All this seems relevant, but there’s still the fact that a human elo at go or chess will improve much more from playing 1000 games (and no more) than an AI playing a 1000 games. That’s suggestive of property learning, or reflection, or conceptualization, or generalization, or something, that the AIs seem to lack, but can compensate for with brute force.
So for the case of our current RL game-playing AIs not learning much from 1000 games—sure, the actual game-playing AIs we have built don’t learn games as efficiently as humans do, in the sense of “from as little data.” But:
Learning from as little data as possible hasn’t actually been a research target, because self-play data is so insanely cheap. So it’s hard to conclude that our current setup for AIs is seriously lacking, because there hasn’t been serious effort to push along this axis.
To point out some areas we could be pushing on, but aren’t: Game-play networks are usually something like ~100x smaller than LLMs, which are themselves ~100-10x smaller than human brains (very approximate numbers). We know from numerous works that data efficiency scales with network size, so even if Adam over matmul is 100% as efficient as human brain matter, we’d still expect our current RL setups to do amazingly poorly with data-efficiency simply because of network size, even leaving aside further issues about lack of hyperparameter search and research effort.
Given this, while this is of course a consideration, it seems far from a conclusive consideration.
Edit: Or more broadly, again—different concepts of “intelligence” will tend to have different areas where they seem to have more predictive use, and different areas they seem to have more epicycles. The areas above are the kind of thing that—if one made them central to one’s notions of intelligence rather than peripheral—you’d probably end up with something different than the LW notion. But again—they certainly do not compel one to do that refactor! It probably wouldn’t make sense to try to do the refactor unless you just keep getting the feeling “this is really awkward / seems off / doesn’t seem to be getting at it some really important stuff” while using the non-refactored notion.
That is, the skills humans excel at vs. Chimps + Bonobos in experiments are social and allow the quick copying and imitating of others: overimitation, social learning, understanding others as having intentions, etc.
Yes, indeed, they copy the actions and play them through their own minds as a method of play, to continue extracting nonobvious concepts. Or at least that is my interpretation. Are you claiming that they are merely copying??
This is very much my gut feeling, too. LLMs have a much greater knowledge base than humans do, and some of them can “think” faster. But humans are still better at many things, including raw problem solving skills. (Though LLM’s problem solving skills have improved a breathtaking amount in the last 12 months since o1-preview shipped. Seriously, folks. The goalpost-moving is giving me vertigo.)

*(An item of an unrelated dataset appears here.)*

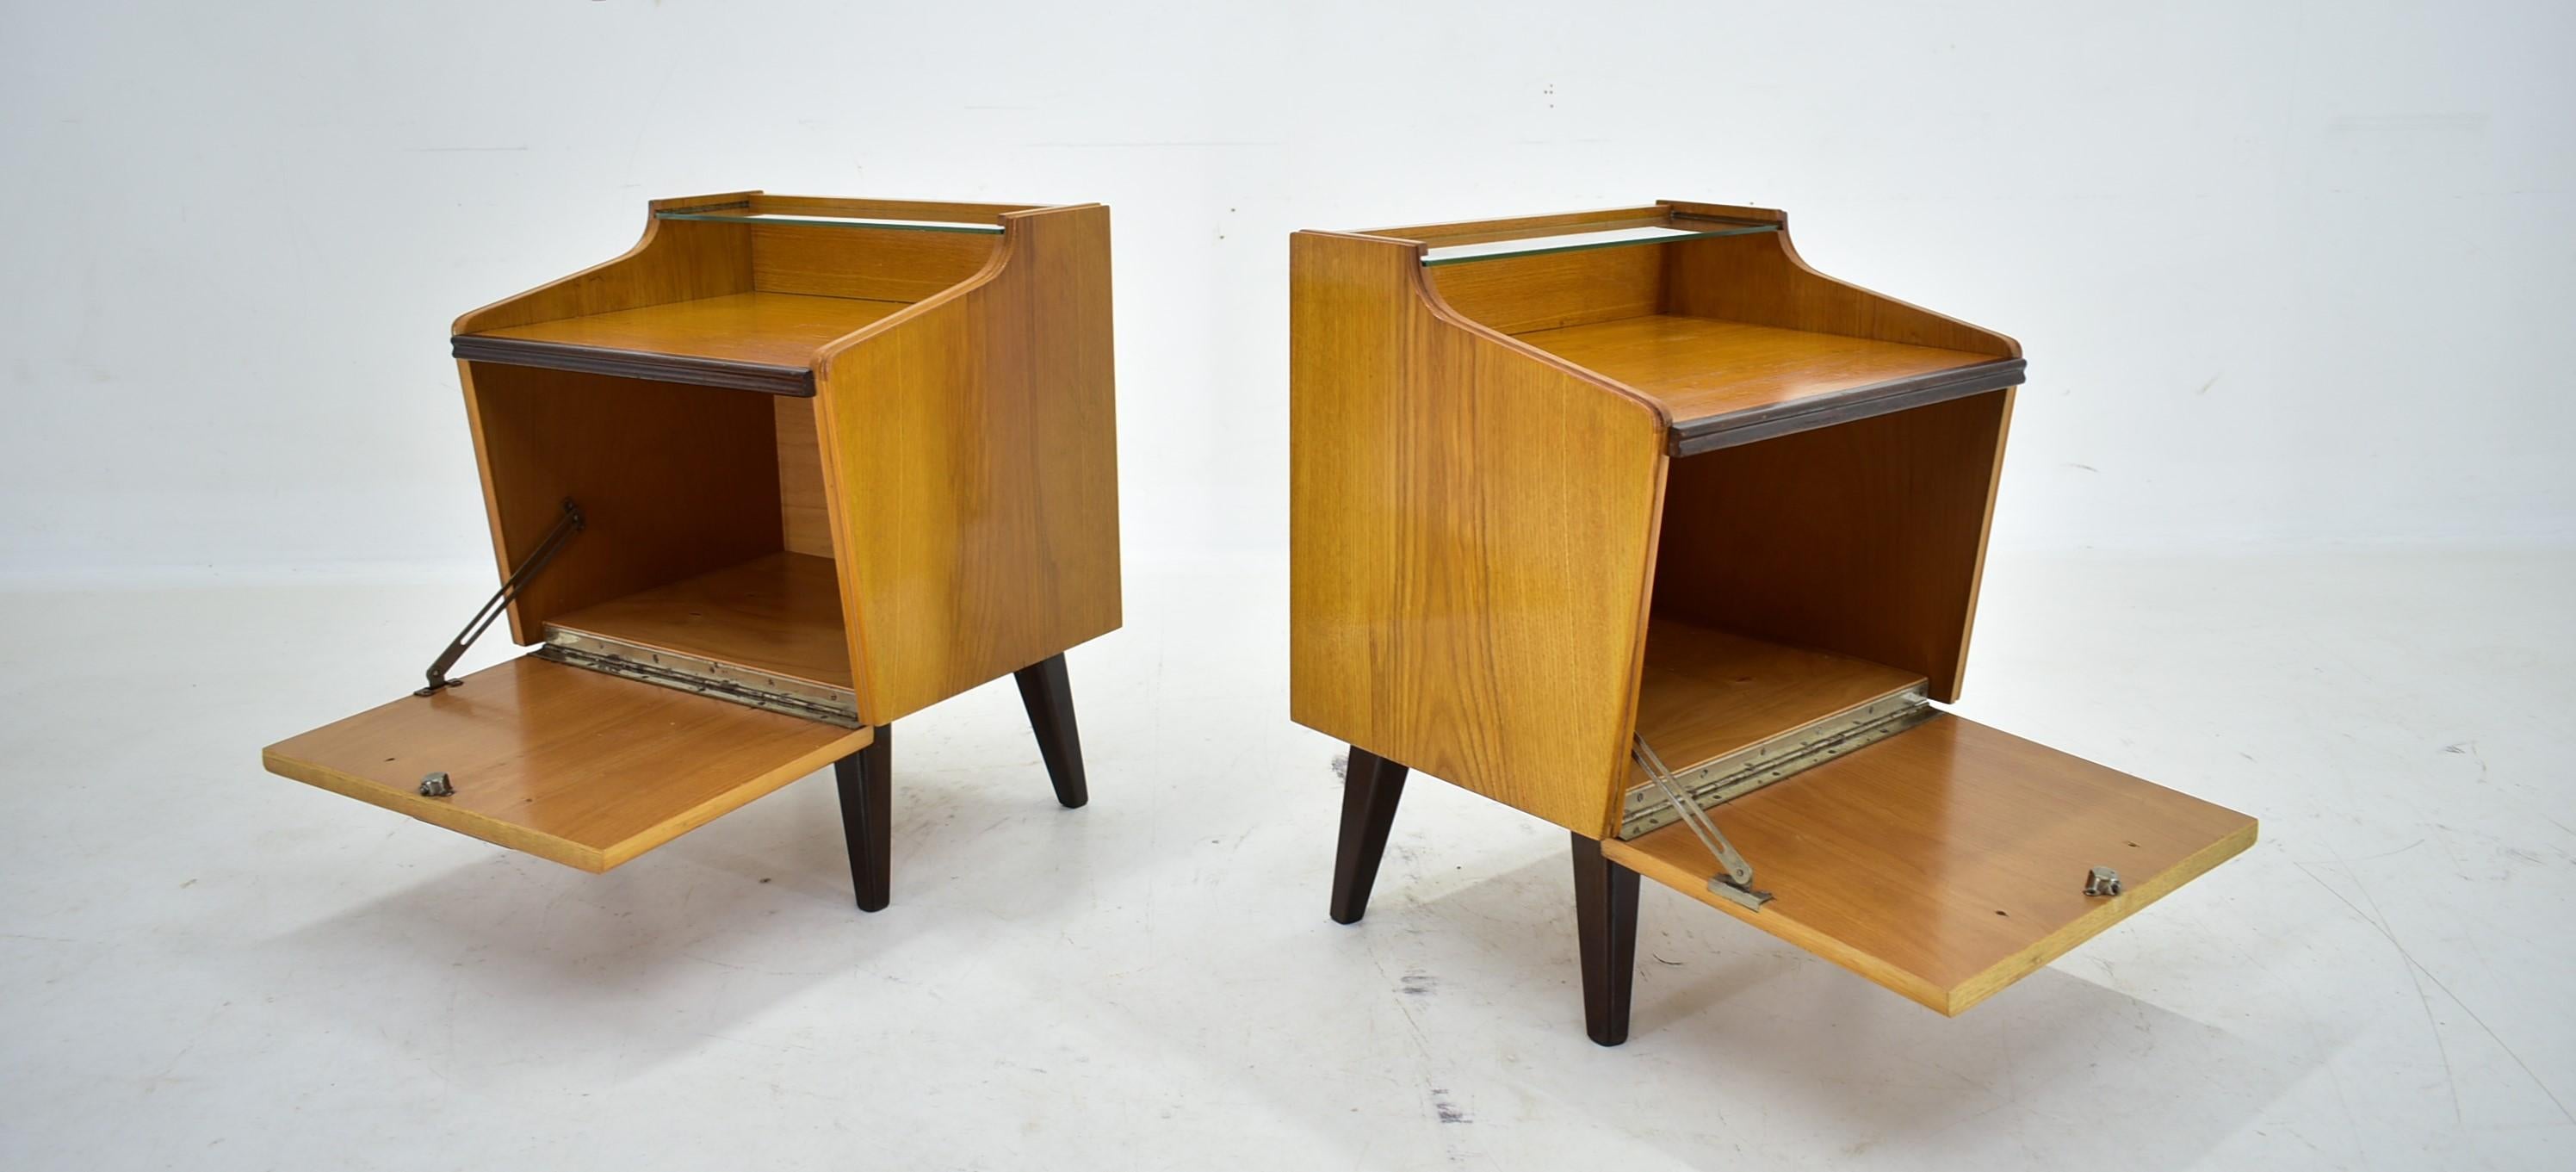 1960s Pair of Midcentury Bedside Tables by Mojmir Požár, Czechoslovakia For Sale 2

This uneven capabilities profile means that LLMs are still well below the so-called “village idiot” in many important ways, and have already soared past Einstein in others. This averages out to “kinda competent on short time horizons if you don’t squint too hard.”
But even if the difference between “the village idiot” and “smarter than Einstein” involved another AI winter, two major theoretical breakthroughs, and another 10 years, I would still consider that damn close to a vertical curve.
I don’t know that they were wrong about that claim. Or, it depends on what we interpret as the claim. “AI would do the thing in this chart” proved false[1], but I don’t think this necessarily implies that “there’s a vast distance between a village idiot and Einstein in intelligence levels”.
Rather, what we’re observing may just be a property of the specific approach to AI represented by LLMs. It is not quite “imitation learning”, but it shares some core properties of imitation learning. LLMs skyrocketed to human-ish level because they’re trained to emulate humans via human-generated data. Improvements then slowed to a (relative) crawl because it became a data-quality problem. It’s not that there’s a vast distance between stupid and smart humans, such that moving from a random initialization to “dumb human” is as hard as moving from a “dumb human” to a “smart human”. It’s just that, for humans, assembling an “imitate a dumb human” dataset is easy (scrape the internet), whereas transforming it into an “imitate a smart human” dataset is very hard. (And then RL is just strictly worse at compute-efficiency and generality, etc.)
(Edit: Yeah, that roughly seems to be Eliezer’s model too, see this thread.)
If that’s the case, Eliezer and co.’s failure wasn’t in modeling the underlying dynamics of intelligence incorrectly, but in failing to predict and talk about the foibles of an ~imitation-learning paradigm. That seems fairly minor.
Also: did that chart actually get disproven? To believe so, we have to assume current LLMs are at the “dumb human” levels, and that what’s currently happening is a slow crawl to “smart human” and beyond. But if LLMs are not AGI-complete, if their underlying algorithms (rather than externally visible behaviors) qualitatively differ from what humans do, this gives us little information on the speed with which an AGI-complete AI would move from a “dumb human” to a “smart human”. Indeed, I still expect pretty much that chart to happen once we get to actual AGI; see here.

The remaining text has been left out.